From 515697b53c1614d05d39491c9af83e8d8b844b17 Mon Sep 17 00:00:00 2001
From: Lars Ellenberg <lars.ellenberg@linbit.com>
Date: Fri, 8 Oct 2021 12:01:41 +0200
Subject: [PATCH 2/6] Fix NFSv4 lock failover: set NFS Server Scope, regardless
 of EXEC_MODE

Debian (and other systems) may provide "init scripts",
which will only redirect back to systemd.

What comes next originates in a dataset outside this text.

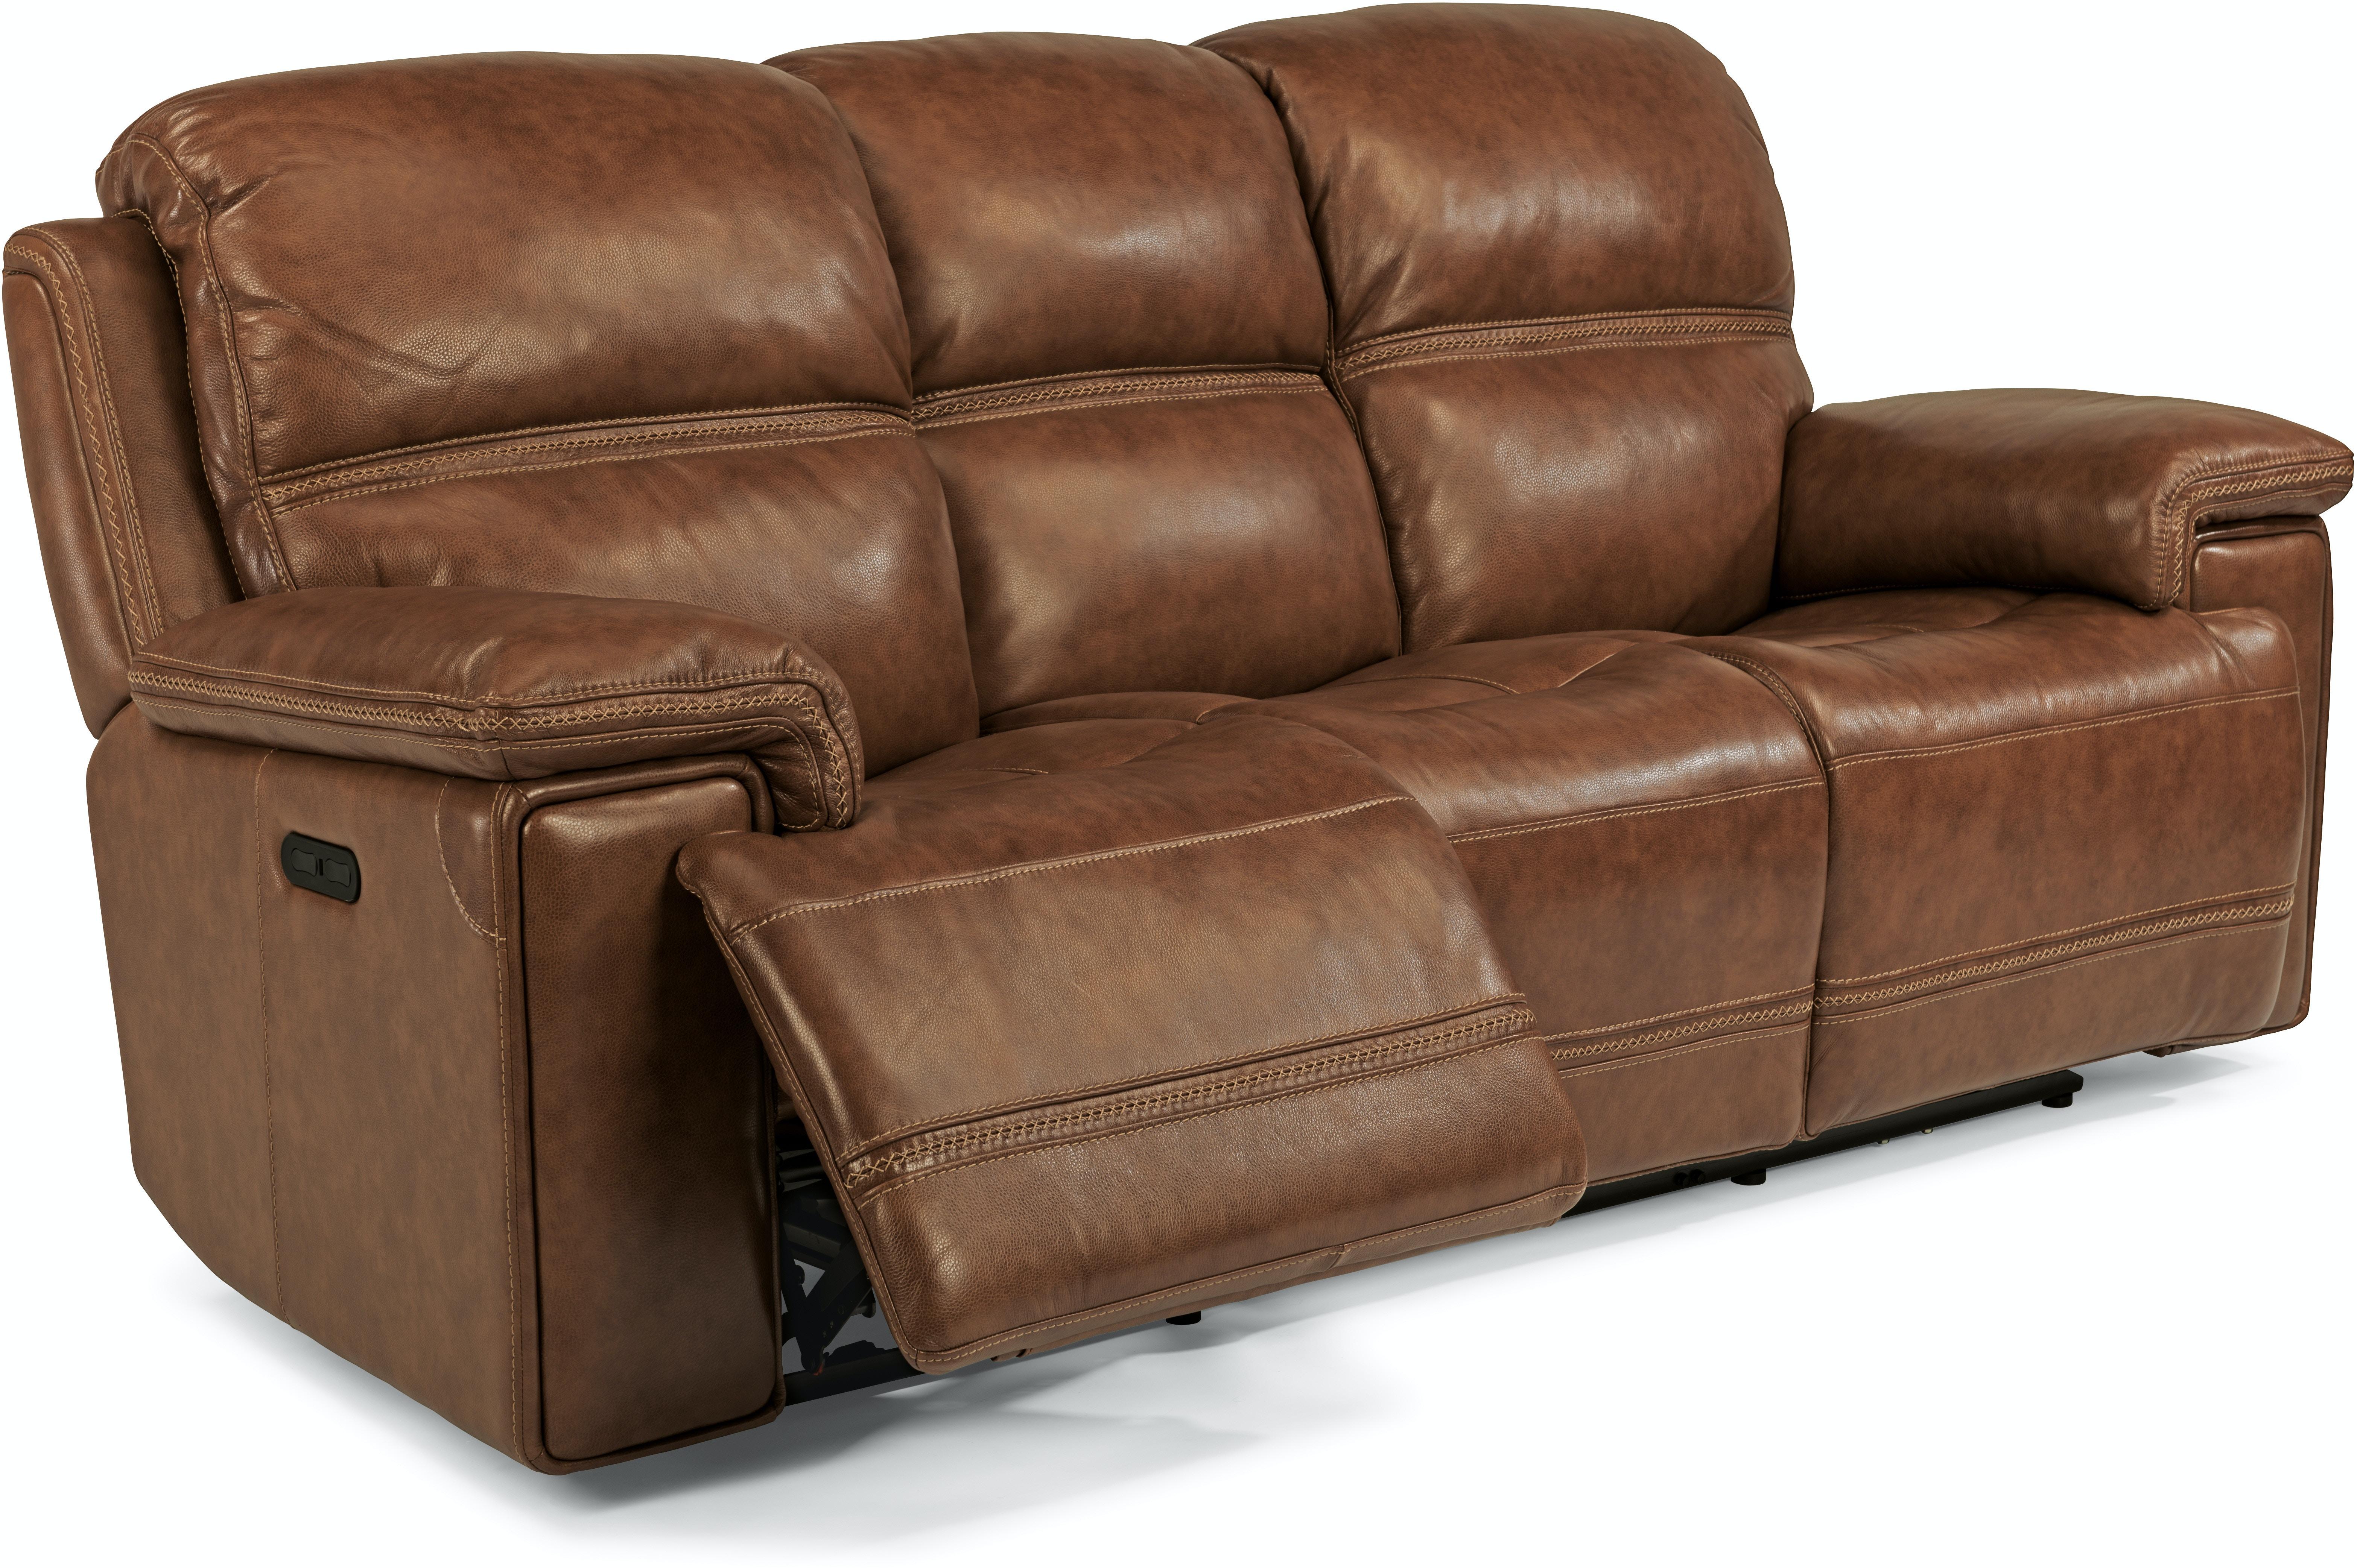 Flexsteel Digby Sofa Price Flexsteel Sofas Sofa Price Is

If we just unshare --uts the init script invocation,
the uts namespace is useless in that case.

If systemd is running, mangle the nfs-server.service unit,
independent of the "EXEC_MODE".
---
 heartbeat/nfsserver | 18 ++++++++++++++----
 1 file changed, 14 insertions(+), 4 deletions(-)

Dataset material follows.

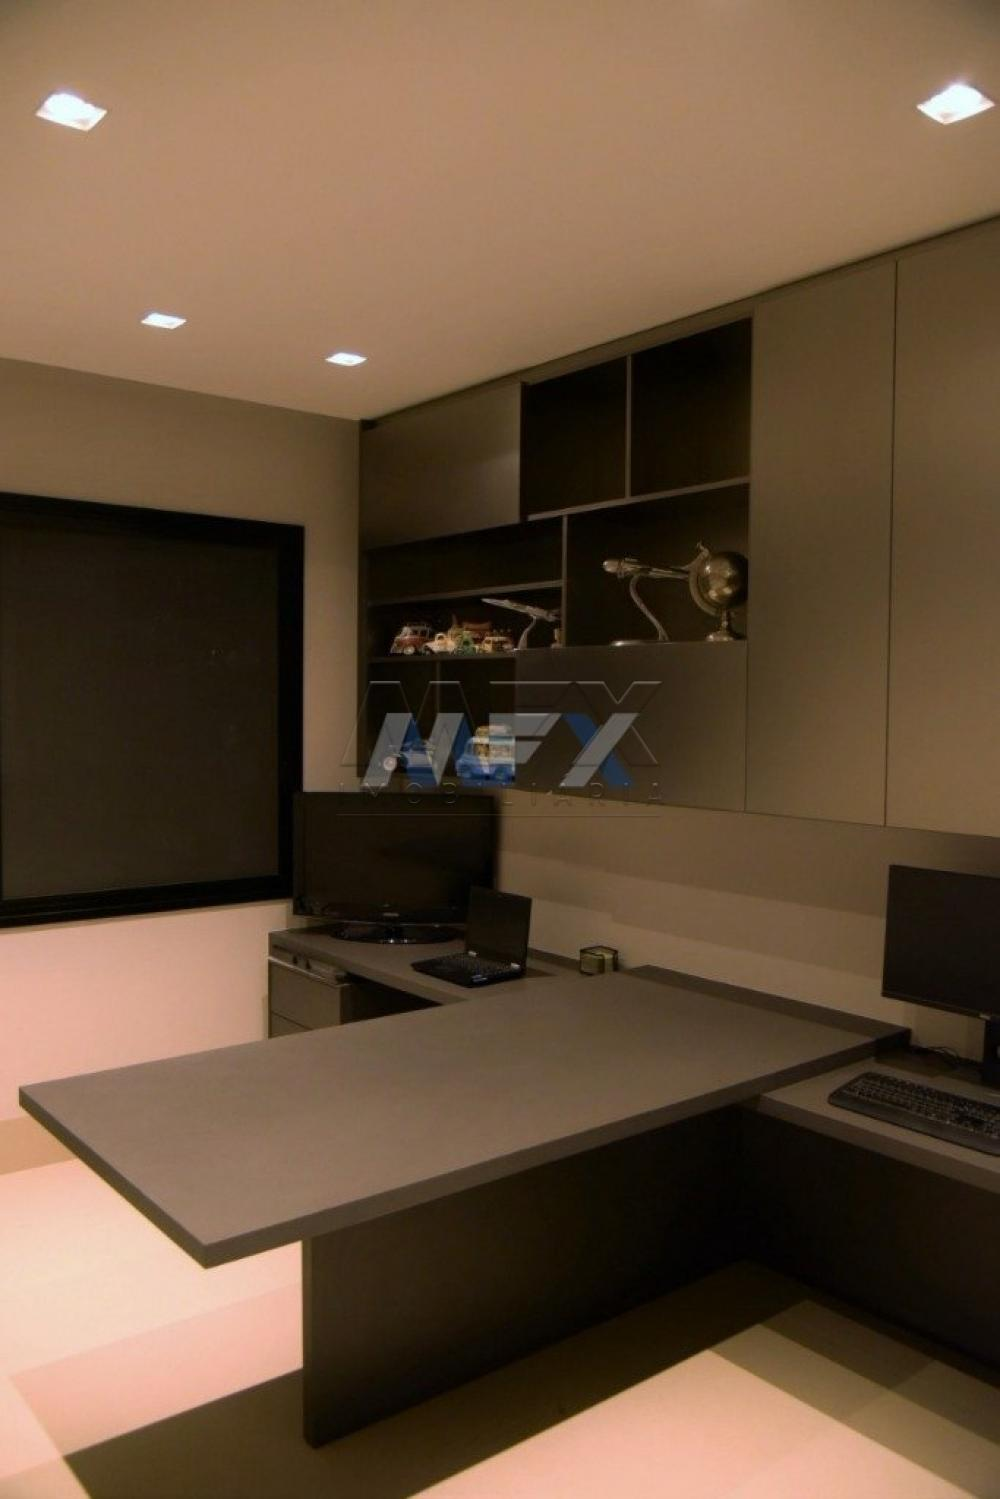 Comprar Casa / Condomínio em Bauru apenas R$ 2.900.000,00 - Foto 25

diff --git a/heartbeat/nfsserver b/heartbeat/nfsserver
index 0888378645..054aabbaf6 100755
--- a/heartbeat/nfsserver
+++ b/heartbeat/nfsserver
@@ -745,13 +745,20 @@ nfsserver_start ()
 	is_redhat_based && set_env_args
 	bind_tree
 	prepare_directory
-	case $EXEC_MODE in [23])
+
+	# Debian (and other systems) may provide "init scripts",
+	# which will only redirect back to systemd.
+	# If we just unshare --uts the init script invocation,
+	# the uts namespace is useless in that case.
+	# If systemd is running, mangle the nfs-server.service unit,
+	# independent of the "EXEC_MODE" we detected.
+	if $systemd_is_running ; then
 		if [ -z "$OCF_RESKEY_nfs_server_scope" ] ; then
 			remove_unshare_uts_dropins
 		else
 			inject_unshare_uts_name_into_systemd_units
-		fi ;;
-	esac
+		fi
+	fi
 
 	if ! `mount | grep -q " on $OCF_RESKEY_rpcpipefs_dir "`; then
 		mount -t rpc_pipefs sunrpc $OCF_RESKEY_rpcpipefs_dir
@@ -970,7 +977,9 @@ nfsserver_stop ()
 		ocf_log info "NFS server stopped"
 	fi
 
-	case $EXEC_MODE in [23]) remove_unshare_uts_dropins;; esac
+	if $systemd_is_running; then
+		remove_unshare_uts_dropins
+	fi
 
 	return $rc
 }
@@ -1008,6 +1017,7 @@ nfsserver_validate ()
 }
 
 nfsserver_validate
+systemd_is_running && systemd_is_running=true || systemd_is_running=false
 
 case $__OCF_ACTION in
 	start)      nfsserver_start

From e83c20d88f404f9f9d829c654883d60eb6cc9ff3 Mon Sep 17 00:00:00 2001
From: Lars Ellenberg <lars.ellenberg@linbit.com>
Date: Fri, 8 Oct 2021 17:06:18 +0200
Subject: [PATCH 3/6] Fix NFSv4 lock failover: add missing "|cut -f1" in
 remove_unshare_uts_dropins

---
 heartbeat/nfsserver | 2 +-
 1 file changed, 1 insertion(+), 1 deletion(-)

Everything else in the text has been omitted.